Department of Endocrinology, Affiliated Hospital of Nantong University, Nantong, Jiangsu 226001, P.R. China.
Department of Rheumatology, Mianyang Central Hospital, Mianyang, Sichuan 621000, P.R. China.
Mol Med Rep. 2022 Jan;25(1). doi: 10.3892/mmr.2021.12551. Epub 2021 Dec 1.
Uric acid (UA) is the final oxidation product of purine metabolism. Hyperuricemia has been previously reported to contribute to vascular endothelial dysfunction and the development of cardiovascular diseases, metabolic syndrome and chronic kidney diseases. In addition, it has been reported that fibroblast growth factor 21 (FGF21) can exert regulatory effects on UA‑induced lipid accumulation. Therefore, the present study aimed to investigate the possible role of FGF21 in HUVEC cell injury induced by UA. The study used UA to induce HUVEC cell injury, inhibited sirtuin 1 (Sirt1) expression using EX527 and overexpressed FGF21 by transfection. Subsequently, reverse transcription‑quantitative PCR was performed to measure the mRNA expression levels of FGF21, Sirt1 and inflammatory cytokines TNF‑α, IL‑1β and IL‑6, whereas western blotting was performed to measure their corresponding protein expression levels including FGF21, Sirt1, NLR family pyrin domain containing 3, pro‑caspase1, apoptosis‑associated speck‑like protein containing a CARD, activating transcription factor 4, C/EBP homologous protein and eukaryotic initiation factor 2. Furthermore, dichloro‑dihydro‑fluorescein diacetate staining was performed to measure intracellular reactive oxygen species (ROS) generation in HUVECs. The levels of ROS and nitric oxide were also quantified using commercial assay kits.
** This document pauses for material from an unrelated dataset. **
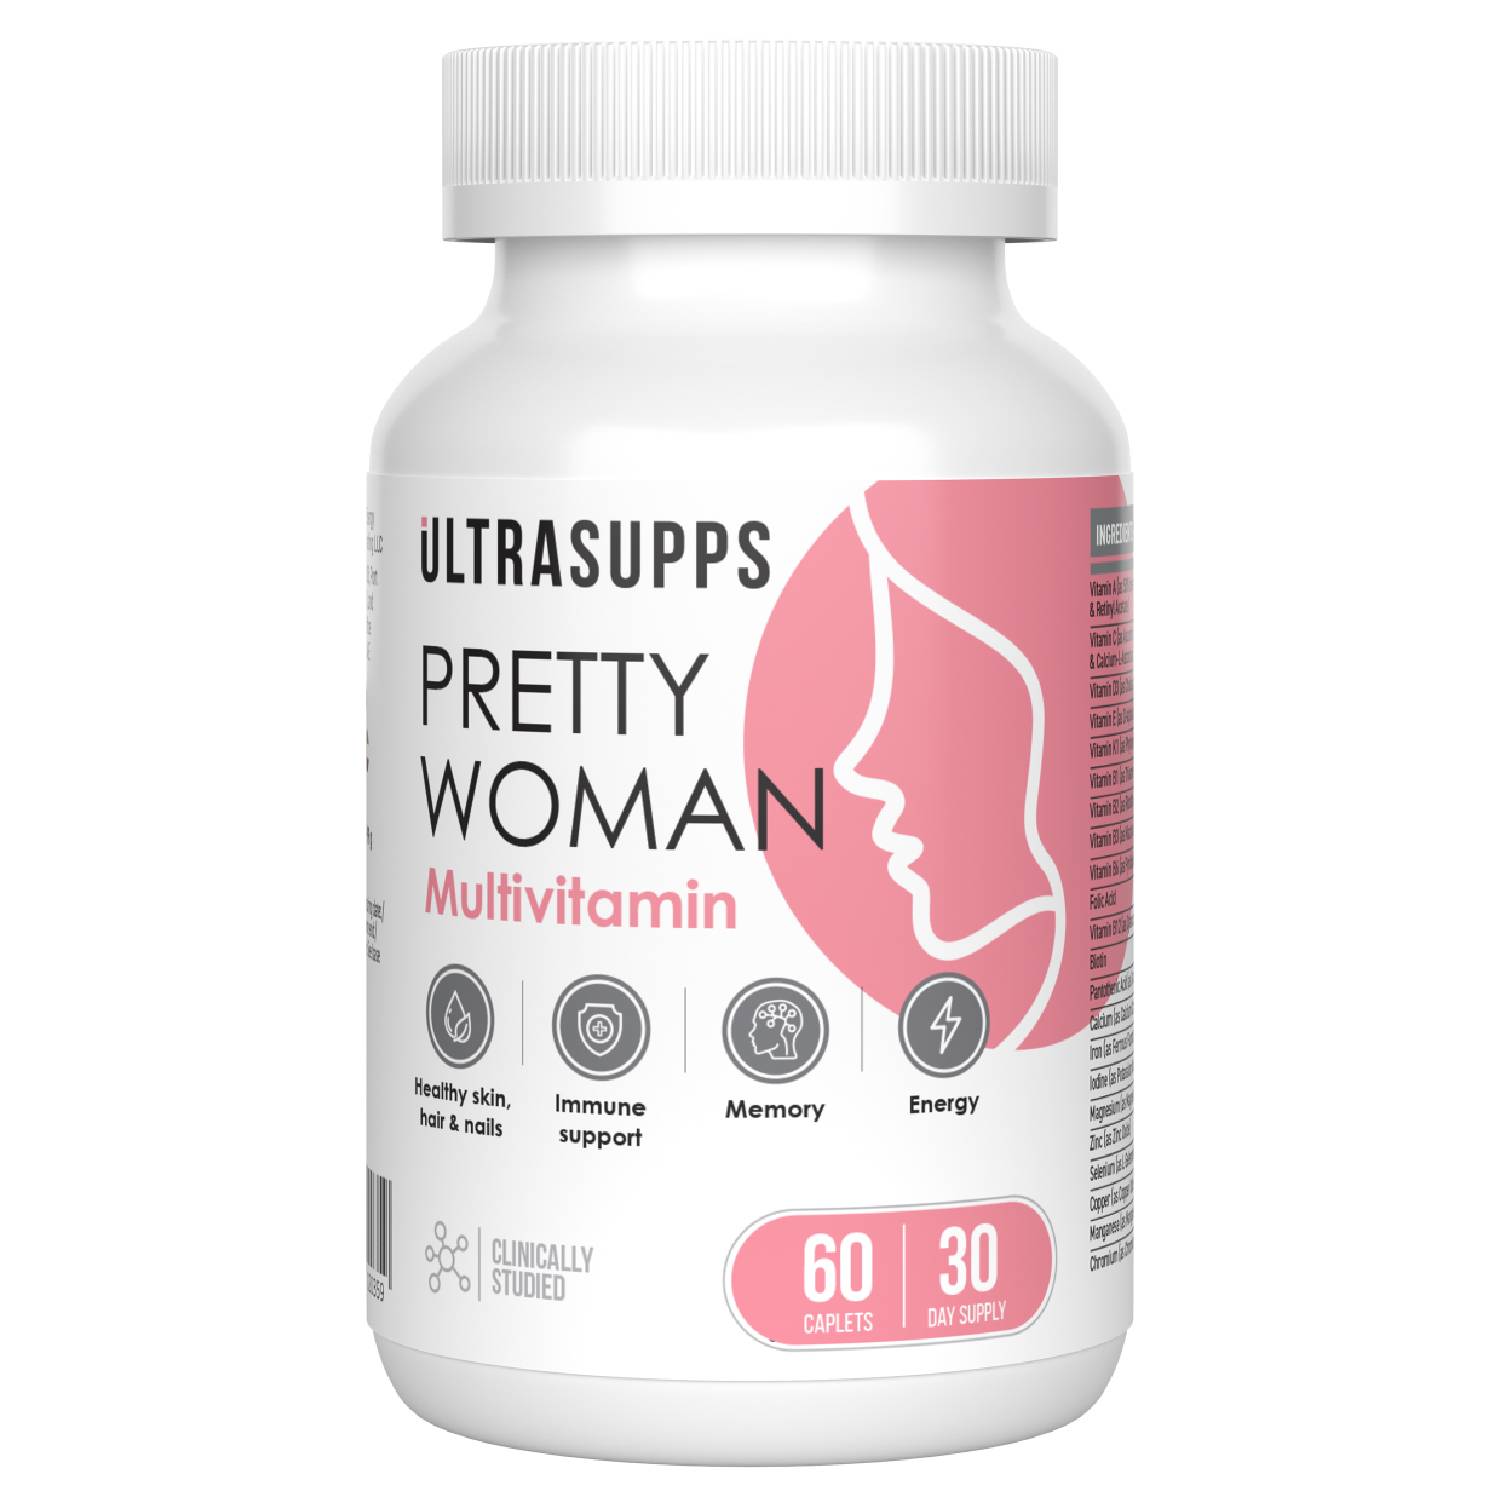 Ultrasupps Витаминно-минеральный комплекс для женщин Pretty Woman Multivitamin, 60 каплет (Ultrasupps, ) комплекс витаминов и минералов для укрепления иммунитета plantago multivitamin
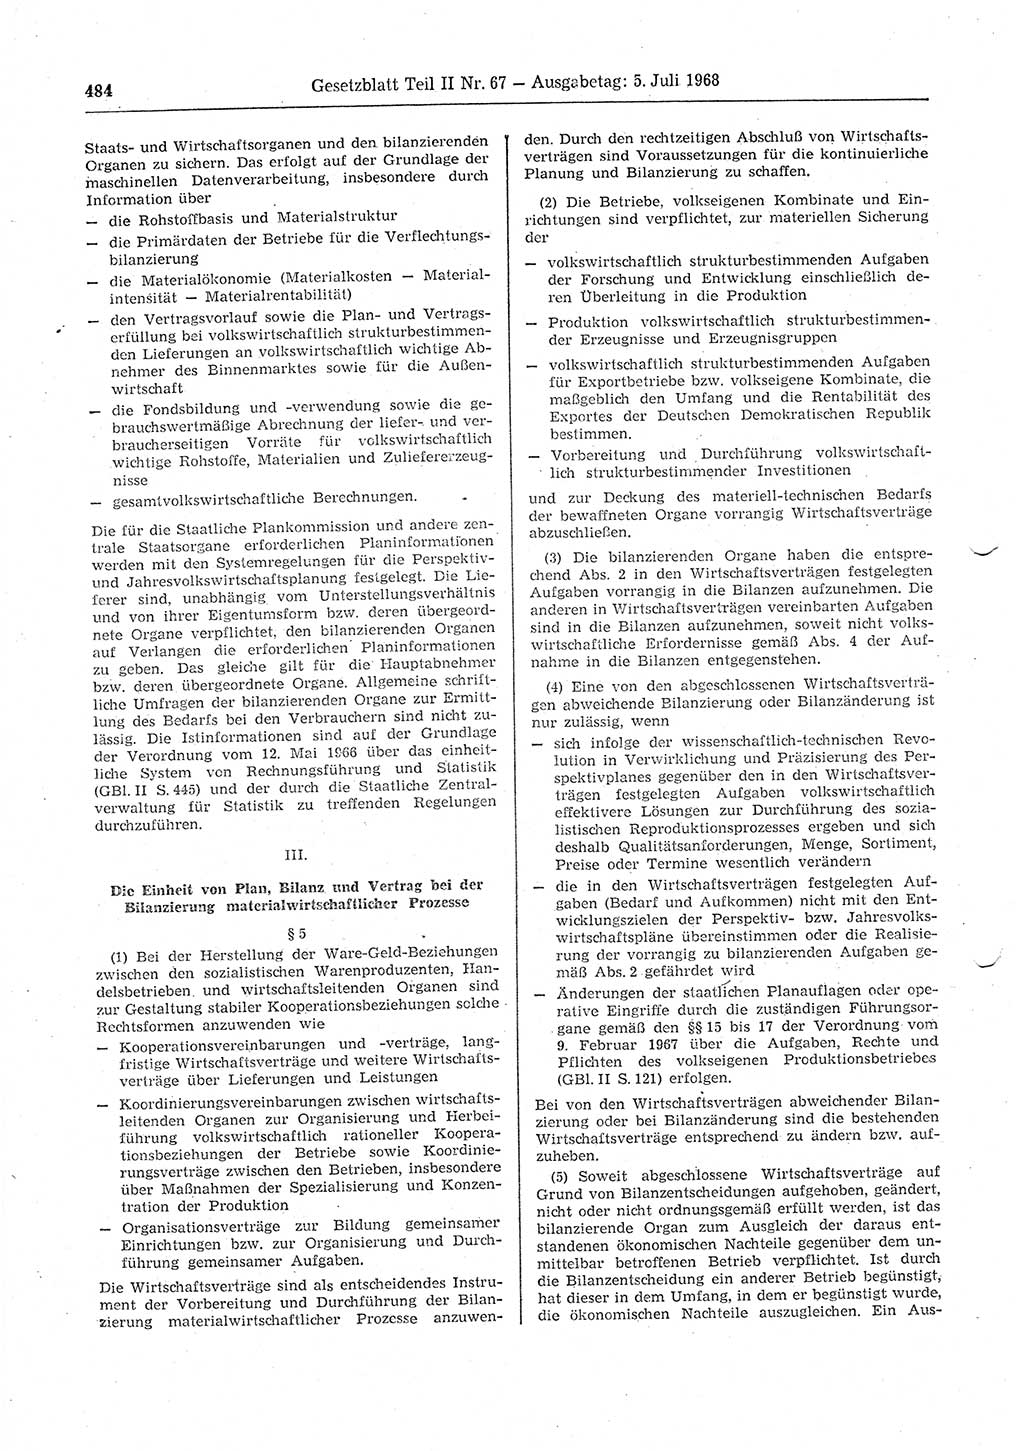 Gesetzblatt (GBl.) der Deutschen Demokratischen Republik (DDR) Teil ⅠⅠ 1968, Seite 484 (GBl. DDR ⅠⅠ 1968, S. 484)

The results demonstrated that overexpression of FGF21 significantly inhibited UA treatment‑induced endoplasmic reticulum (ER) stress, inflammation and oxidative stress in HUVECs. Furthermore, overexpression of FGF21 significantly activated Sirt1. The sirt1 inhibitor, EX527, significantly abrogated the suppressive effects of FGF21 overexpression on ER stress, inflammation and oxidative stress in UA‑stimulated HUVECs. To conclude, results of the present study suggested that FGF21 may attenuate UA‑induced ER stress, inflammation and vascular endothelial cell dysfunction by activating Sirt1. Therefore, FGF21 may be a potential effective target for the future treatment of vascular endothelial cell dysfunction.
尿酸(UA)是嘌呤代谢的最终氧化产物。高尿酸血症先前已被报道可导致血管内皮功能障碍以及心血管疾病、代谢综合征和慢性肾脏病的发生。此外,据报道,成纤维细胞生长因子 21(FGF21)可对 UA 诱导的脂质积累发挥调节作用。因此,本研究旨在探讨 FGF21 在 UA 诱导的人脐静脉内皮细胞(HUVEC)损伤中的可能作用。本研究使用 UA 诱导 HUVEC 细胞损伤,使用 EX527 抑制 Sirtuin 1(Sirt1)表达,并通过转染过表达 FGF21。随后,采用逆转录-定量 PCR 法检测 FGF21、Sirt1 及炎症细胞因子 TNF-α、IL-1β和 IL-6 的 mRNA 表达水平,采用蛋白质印迹法检测 FGF21、Sirt1、NLR 家族含pyrin 结构域蛋白 3、原半胱天冬酶 1、凋亡相关斑点样蛋白含有 CARD 结构域、激活转录因子 4、C/EBP 同源蛋白和真核起始因子 2 的相应蛋白表达水平。此外,采用二氯二氢荧光素二乙酸酯染色法检测 HUVEC 细胞内活性氧(ROS)的产生。还使用商业测定试剂盒定量测定 ROS 和一氧化氮的水平。结果表明,过表达 FGF21 可显著抑制 UA 处理诱导的 HUVEC 内质网(ER)应激、炎症和氧化应激。此外,过表达 FGF21 可显著激活 Sirt1。Sirt1 抑制剂 EX527 可显著消除 FGF21 过表达对 UA 刺激的 HUVEC 中 ER 应激、炎症和氧化应激的抑制作用。综上所述,本研究结果表明,FGF21 通过激活 Sirt1 可能减轻 UA 诱导的 ER 应激、炎症和血管内皮细胞功能障碍。因此,FGF21 可能成为未来治疗血管内皮细胞功能障碍的潜在有效靶点。